7. Update the weights: $w_i \rightarrow w_i\beta^{[1-L_i]}$. The smaller the loss, the more weight is reduced , making the sample less likely to be picked in the next round.
8. For a particular input $x_i$, each of the $T$ machines makes a prediction $h_t, t=1,...,T$. $h_f$ is cumulative prediction using the $T$ predictors:
$$h_f = inf\bigg\{y \in Y: \sum_{t:h_t\leq y}log(\frac{1}{\beta_t})\geq\frac{1}{2}\sum_{t}log(\frac{1}{\beta_t})\bigg\}$$
This equation is essentially relabel $y_i$ such that $y_i^{(1)}<y_i^{(2)}<,...,y_i^{(T)}$. Then sum the $log(1/\beta_t)$ until we reach the smallest t that is equal or grater than $\frac{1}{2}\sum_{t}log(\frac{1}{\beta_t})$. This is the weighted median.

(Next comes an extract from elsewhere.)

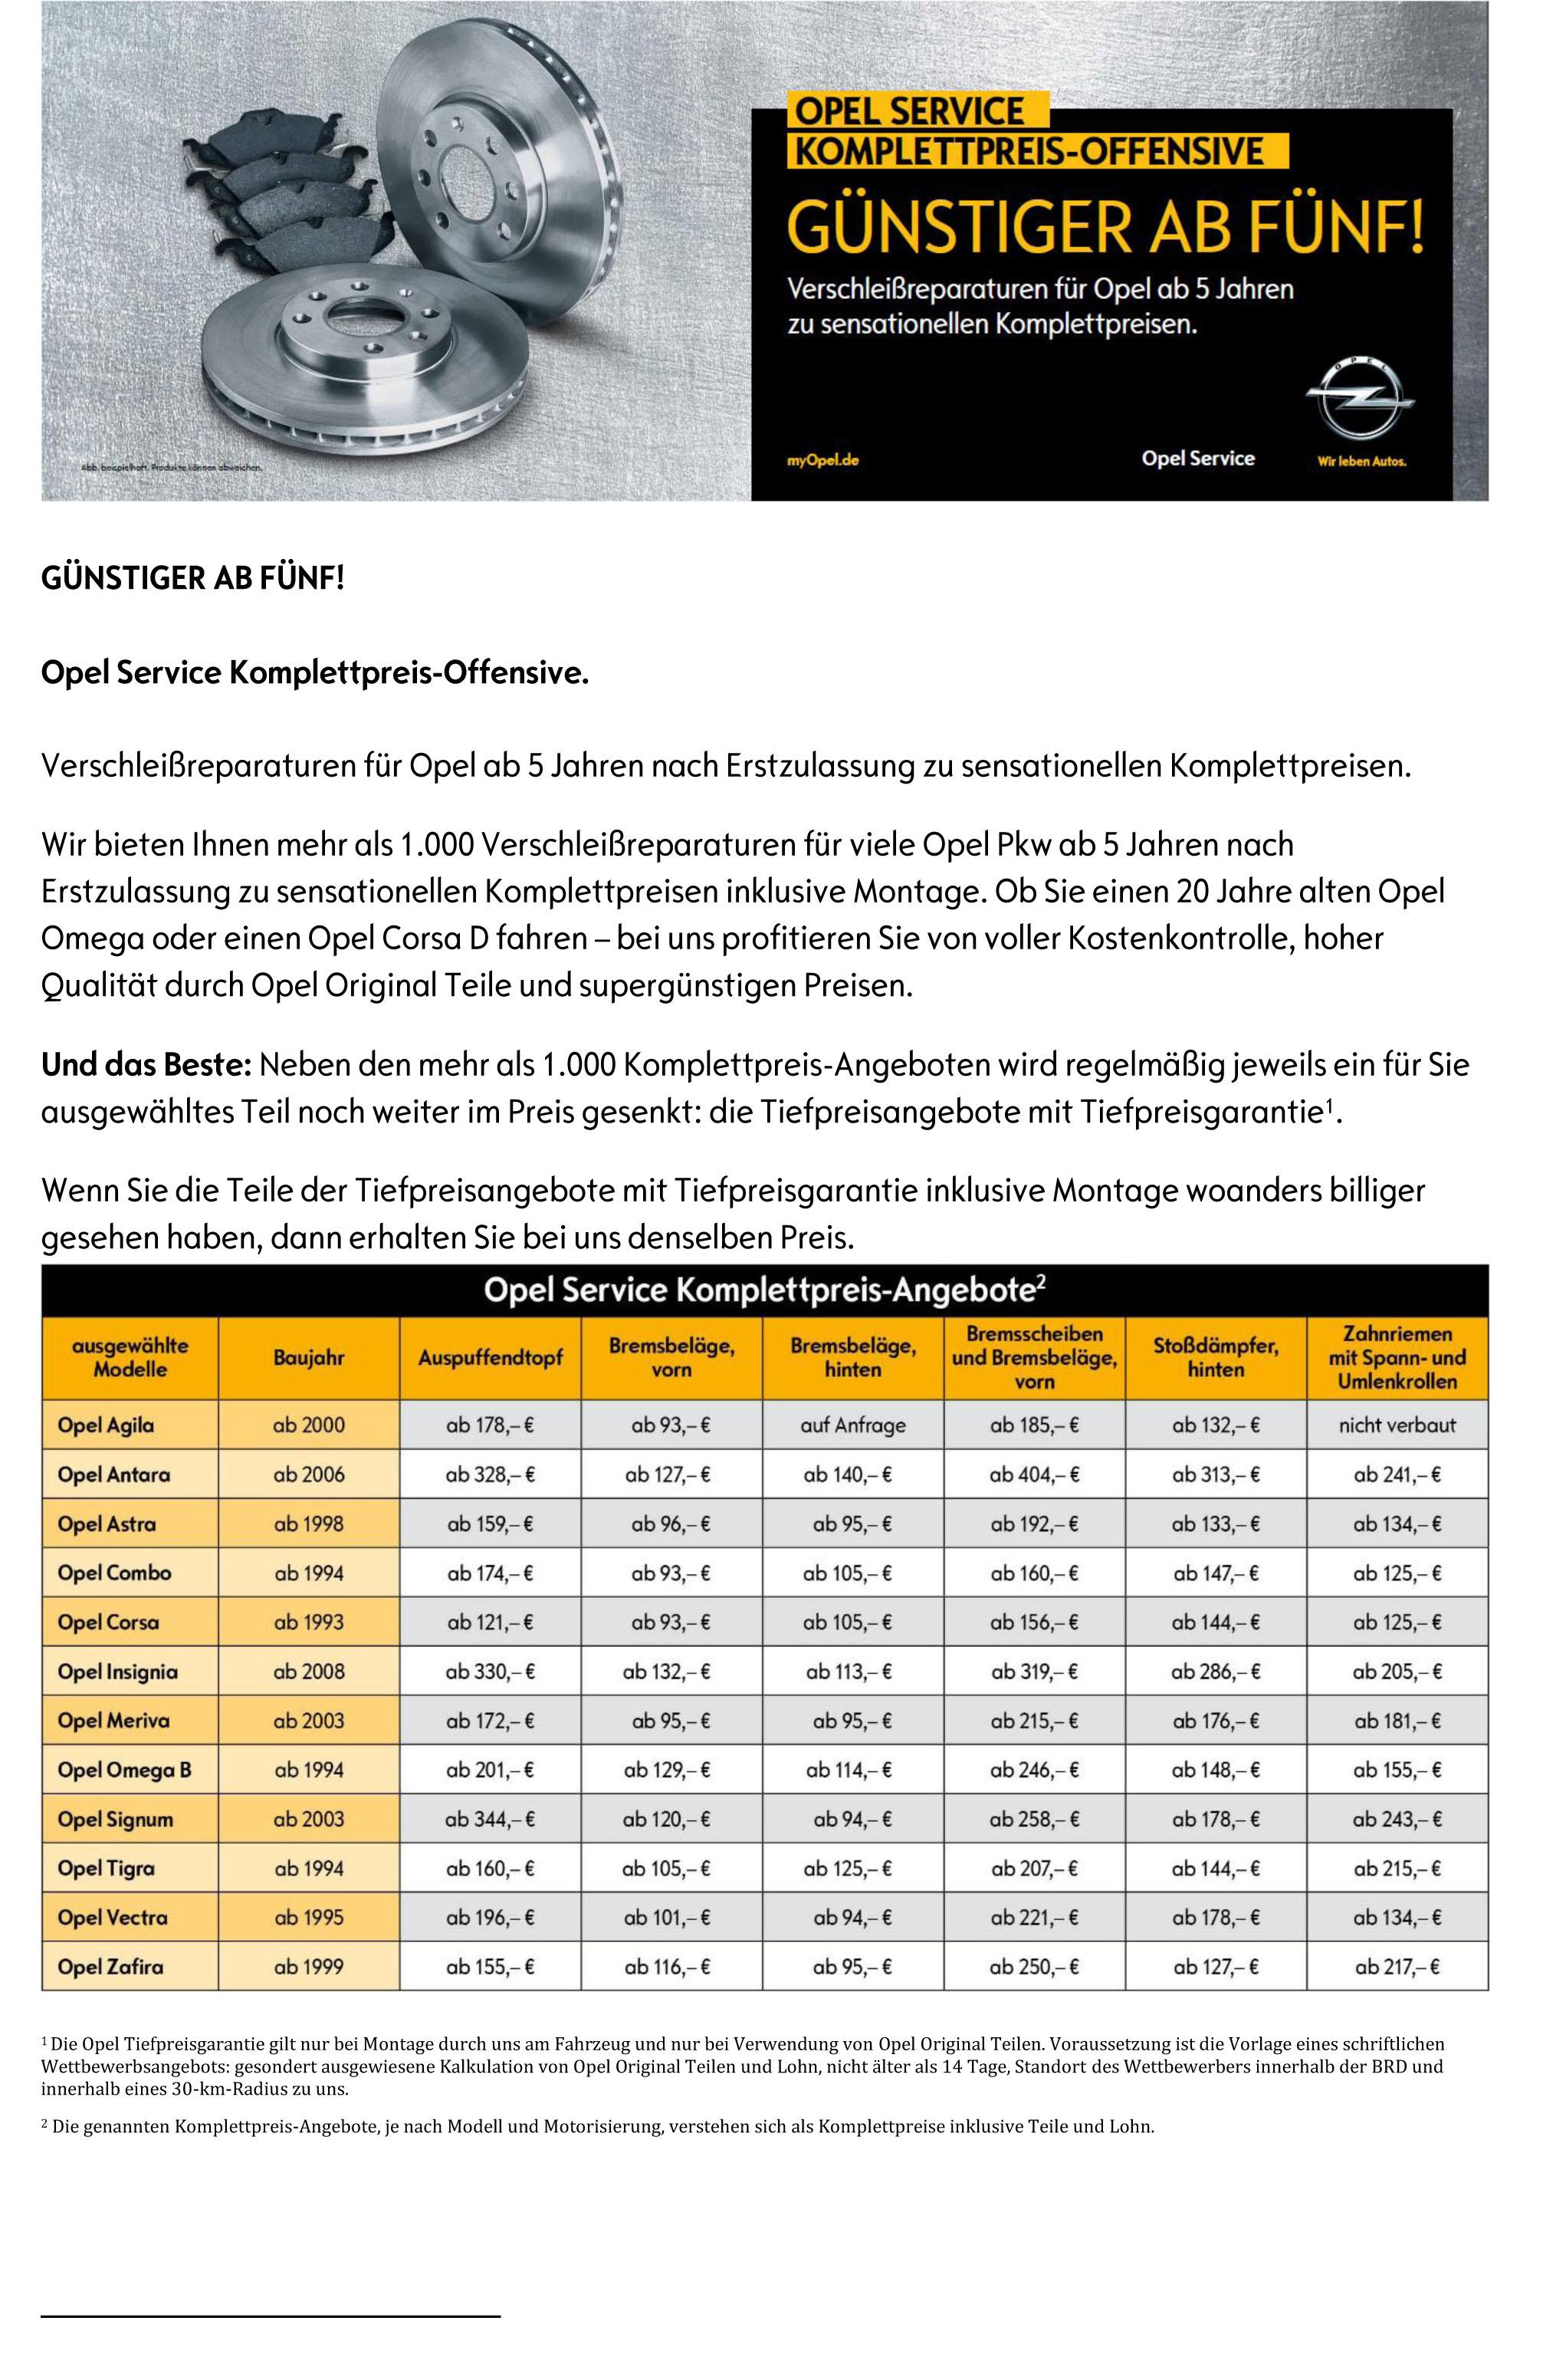 Autohaus stahl gmbh aus wenden opel service opel stahl for Autohaus stahl

If the $\beta_t$ were all equal, this would be the median.


In [322]:
from sklearn.ensemble import AdaBoostRegressor

In [322]:
abr = AdaBoostRegressor(DecisionTreeRegressor(max_depth=20), 
                        n_estimators=100,
                        loss='exponential')
abr.fit(X_train, np.ravel(y_train))
y_pred = abr.predict(X_test)
print(abr.score(X_test, y_test), np.sqrt(mean_squared_error(y_test, y_pred)))

In [322]:
param_grid = {'n_estimators': [100, 250, 500]}
abr = AdaBoostRegressor(DecisionTreeRegressor(max_depth=10))
gs_cv = GridSearchCV(abr, param_grid, cv = 5)
gs_cv.fit(X_train, np.ravel(y_train))
print(gs_cv.best_params_, gs_cv.best_score_)

### Gradient Boost

In [None]:
from sklearn.ensemble import GradientBoostingRegressor

In [None]:
gbr = GradientBoostingRegressor(learning_rate = 0.01,
                                n_estimators = 1000,
                                max_depth = 10)
gbr.fit(X_train, np.ravel(y_train))
y_pred = gbr.predict(X_test)
print(gbr.score(X_test, y_test), np.sqrt(mean_squared_error(y_test, y_pred)))

In [None]:
param_grid = {'n_estimators': [100, 150],
              'learning_rate': np.linspace(0.1, 0.2, 10)}
gbr = GradientBoostingRegressor(max_depth=8, max_features='sqrt')
gs_cv = GridSearchCV(estimator=gbr, param_grid=param_grid, cv=5)
gs_cv.fit(X_train, np.ravel(y_train))
print(gs_cv.best_params_, gs_cv.best_score_)

## Performance on Kaggle

In [None]:
X_test_kaggle, y_test_kaggle = house_price_data_cleaning(df_test, drop_cols)
lr_kaggle = LinearRegression()
lr_kaggle.fit(X, y)
y_pred_kaggle = lr_kaggle.predict(X_test_kaggle)
y_pred_kaggle

## References
- H. Drucker, “Improving Regressors using Boosting Techniques”, 1997.
- T. Hastie, R. Tibshirani and J. Friedman. Elements of Statistical Learning Ed. 2, Springer, 2009.